Digital Stethoscope in the Era of Artificial Intelligence: A Comprehensive Review in the Era of Evidence-Based Clinical Studies
Research Article - Volume: 1, Issue: 1, 2026 (January)

Emmanuel Andres1* and Amir El Hassani Hajjam2

1Service de Medicine Interne, Hopitaux Universitaires de Strasbourg (HUS), Strasbourg, France
2Laboratoire de nanomedecine imagerie et therapeutique, Universite de Technologie de Belfort Montbeliard (UTBM), France

*Correspondence to: Emmanuel Andres, Service de Medicine Interne, Hopitaux Universitaires de Strasbourg (HUS), Strasbourg, France, E-mail:

Received: November 20, 2025; Manuscript No: JAID-25-4927; Editor Assigned: November 24, 2025; PreQc No: JAID-25-4927 (PQ); Reviewed: December 04, 2025; Revised: December 08, 2025; Manuscript No: JAID-25-4927 (R); Published: January 23, 2026.

ABSTRACT

The conventional stethoscope, though a clinical mainstay, is limited by subjectivity.
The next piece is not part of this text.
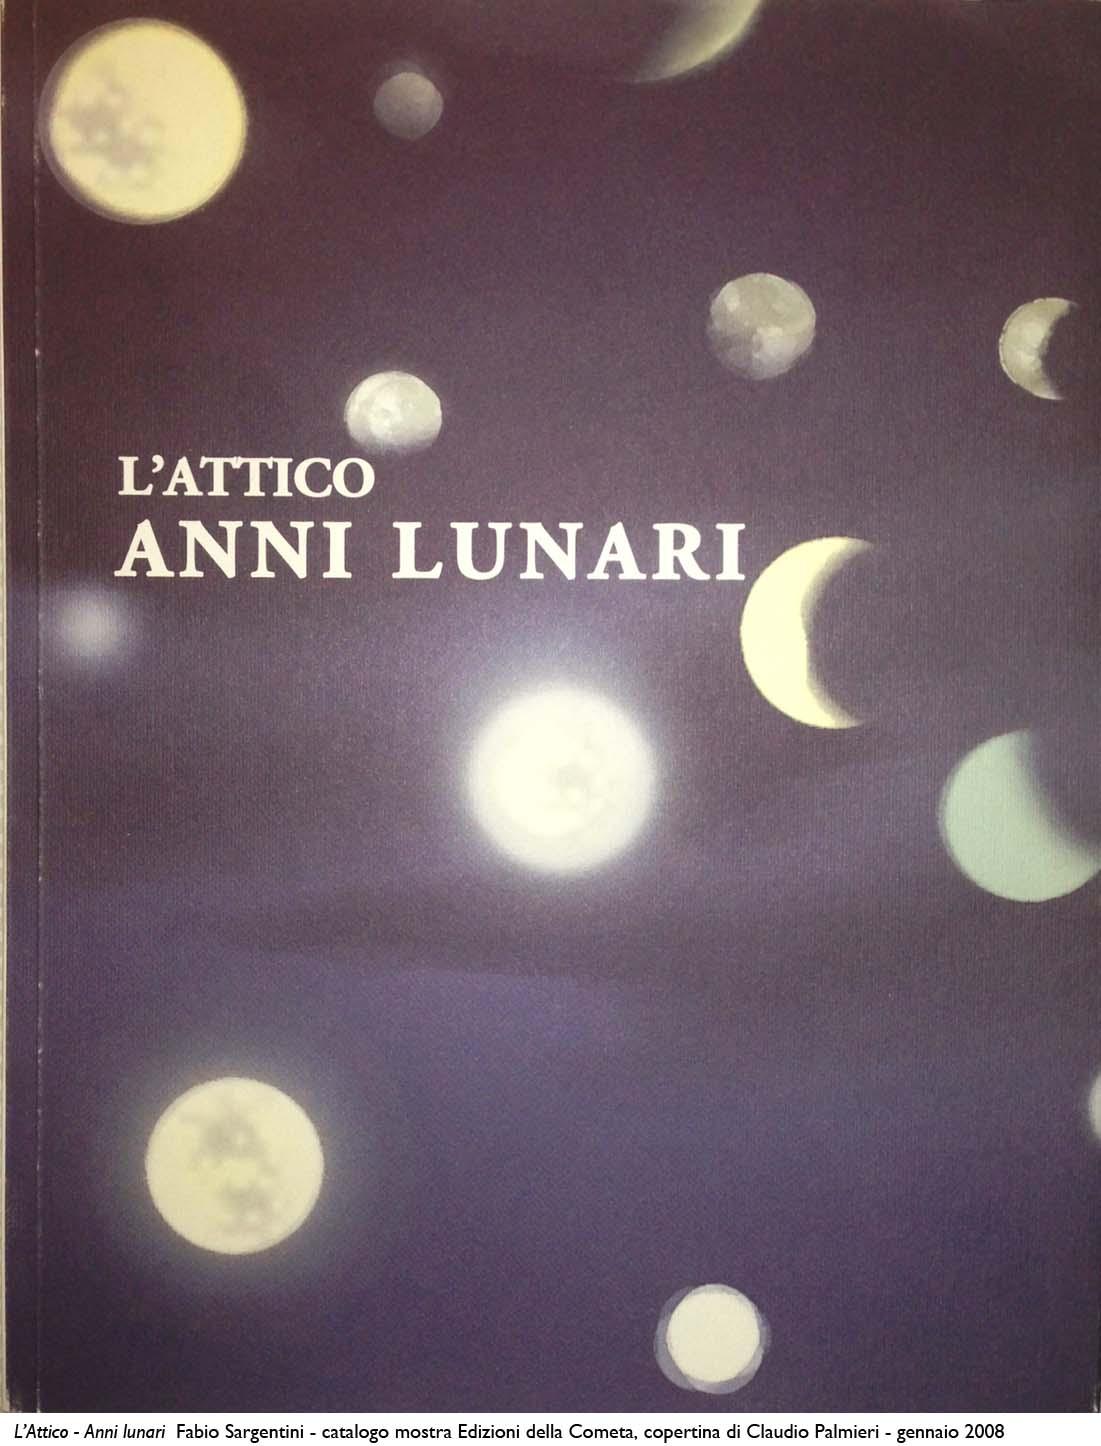 L'Attico Anni lunari - Fabio Sargentini_2008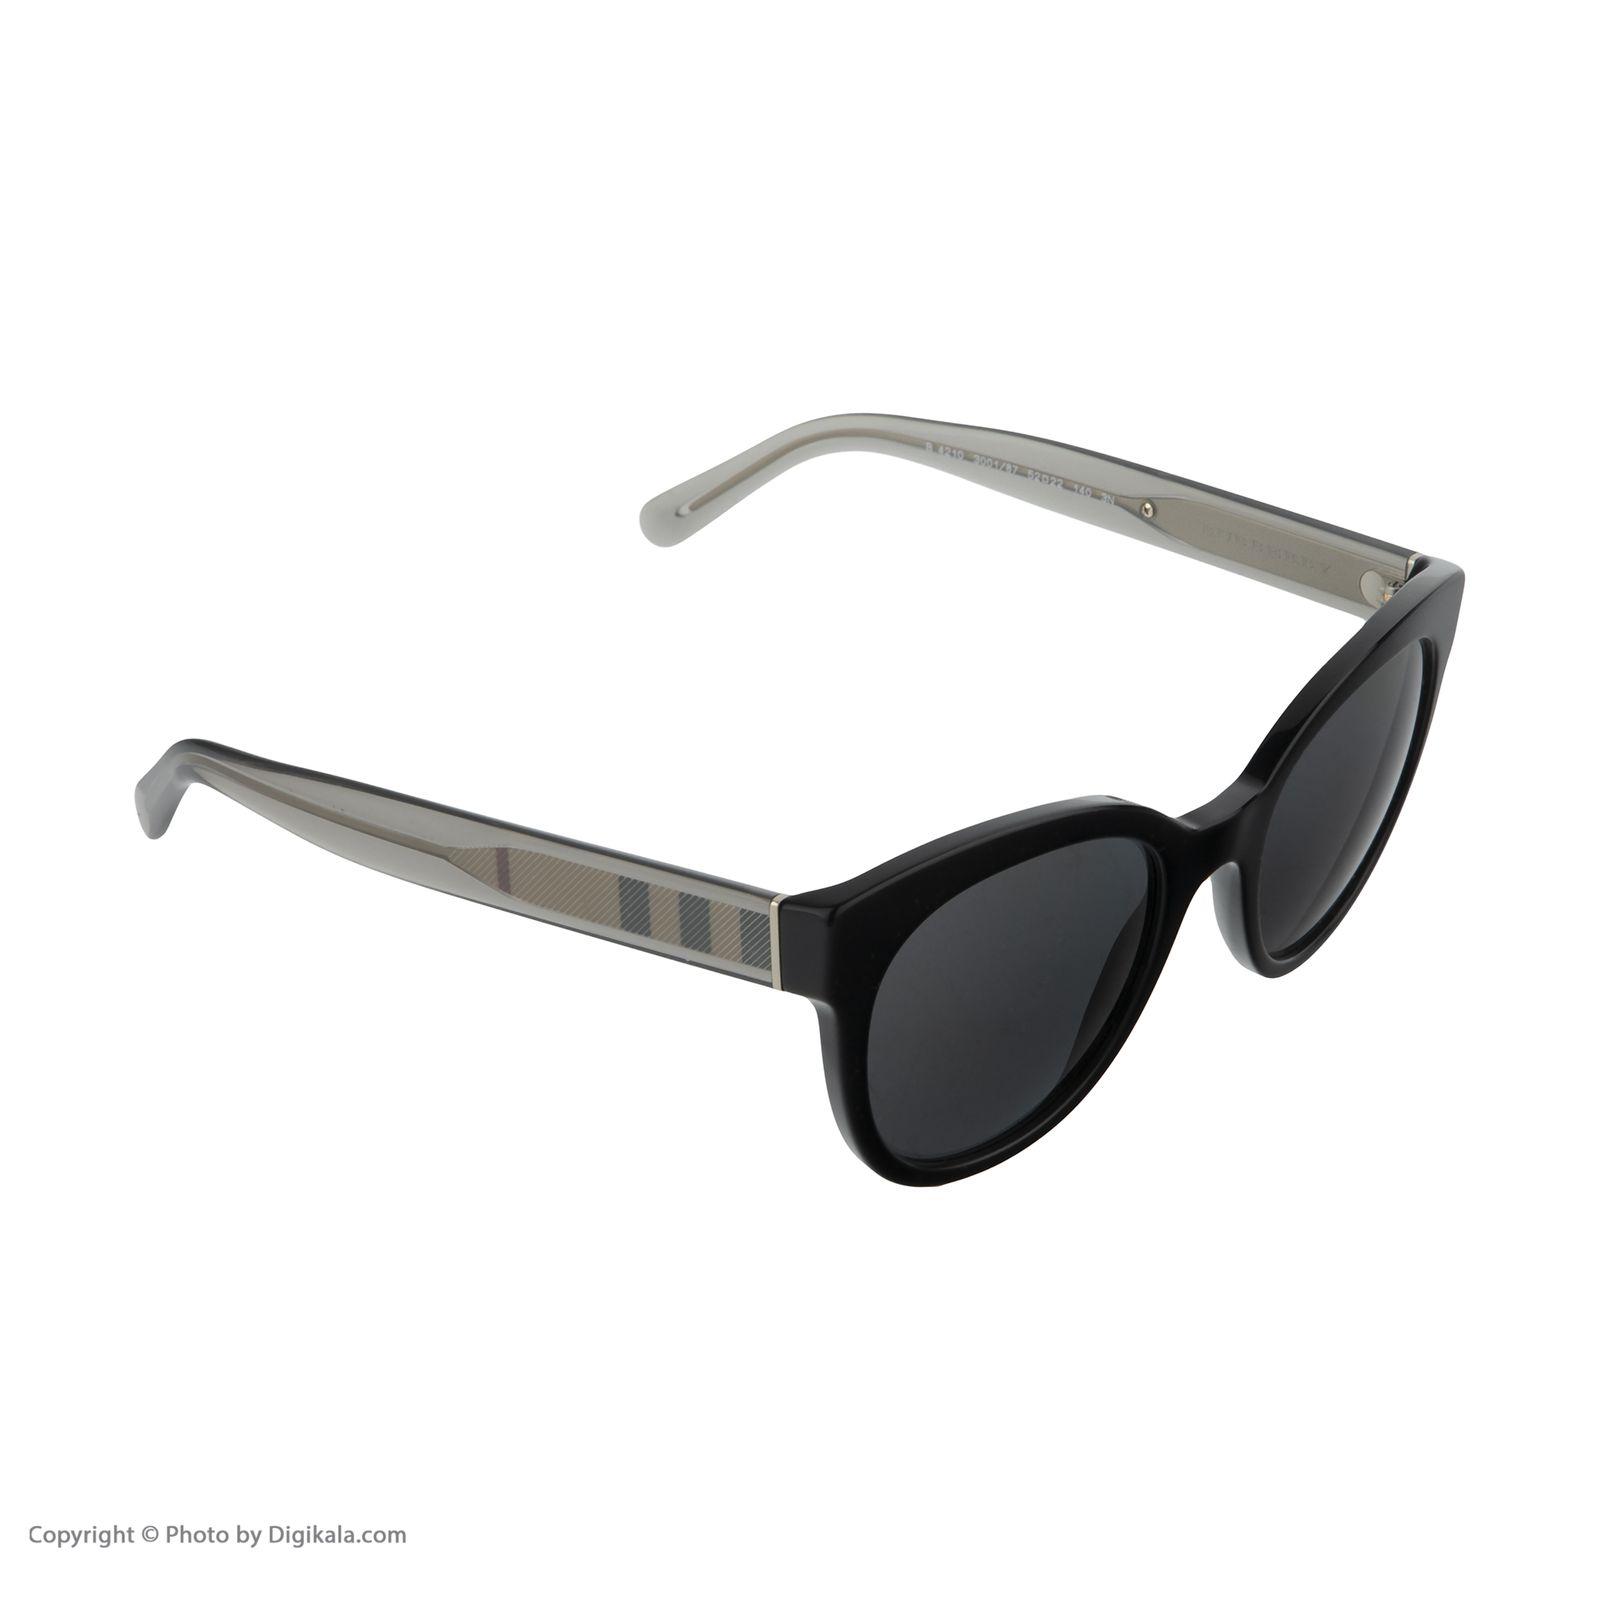 عینک آفتابی مردانه بربری مدل BE 4210S 300187 52 -  - 6

Digital stethoscopes integrated with Artificial Intelligence (AI) offer a transformative solution, converting acoustic signals into objective electronic data for automated classification and predictive analytics. This review synthesizes evidence demonstrating that AI-enhanced auscultation significantly boosts diagnostic accuracy and scalability. Studies highlight improved classification of pediatric heart murmurs (AUC up to 0.92), reliable detection of valvular heart disease (e.g., 93.2% sensitivity for aortic stenosis), and identification of lung pathology (wheezes, crackles, pneumonia). Furthermore, these devices proved valuable in screening for left ventricular dysfunction and facilitating triage during the COVID-19 pandemic. Future integration of multimodal sensing (ECG), wearable sensors, and Internet-of-Medical-Things (IoMT) will enable continuous, personalized monitoring. Successful implementation hinges on regulatory oversight and standardization across diverse populations. AI-powered digital stethoscopes are poised to democratize access and advance precision medicine globally.

Keywords: Digital Stethoscope; Artificial Intelligence; Machine Learning; Auscultation; Heart Murmur; Diagnostic Accuracy; Telemedicine; Precision Medicine


Citation: Andres E (2026). Digital Stethoscope in the Era of Artificial Intelligence: A Comprehensive Review in the Era of Evidence-Based Clinical Studies. J. Artif. Intell. Digit. Health. Vol.1 Iss.1, January (2026), pp:1-5.
Copyright: © 2026 Andres E. This is an open access article distributed under the terms of the Creative Commons Attribution License, which permits unrestricted use, distribution, and reproduction in any medium, provided the original author and source are credited.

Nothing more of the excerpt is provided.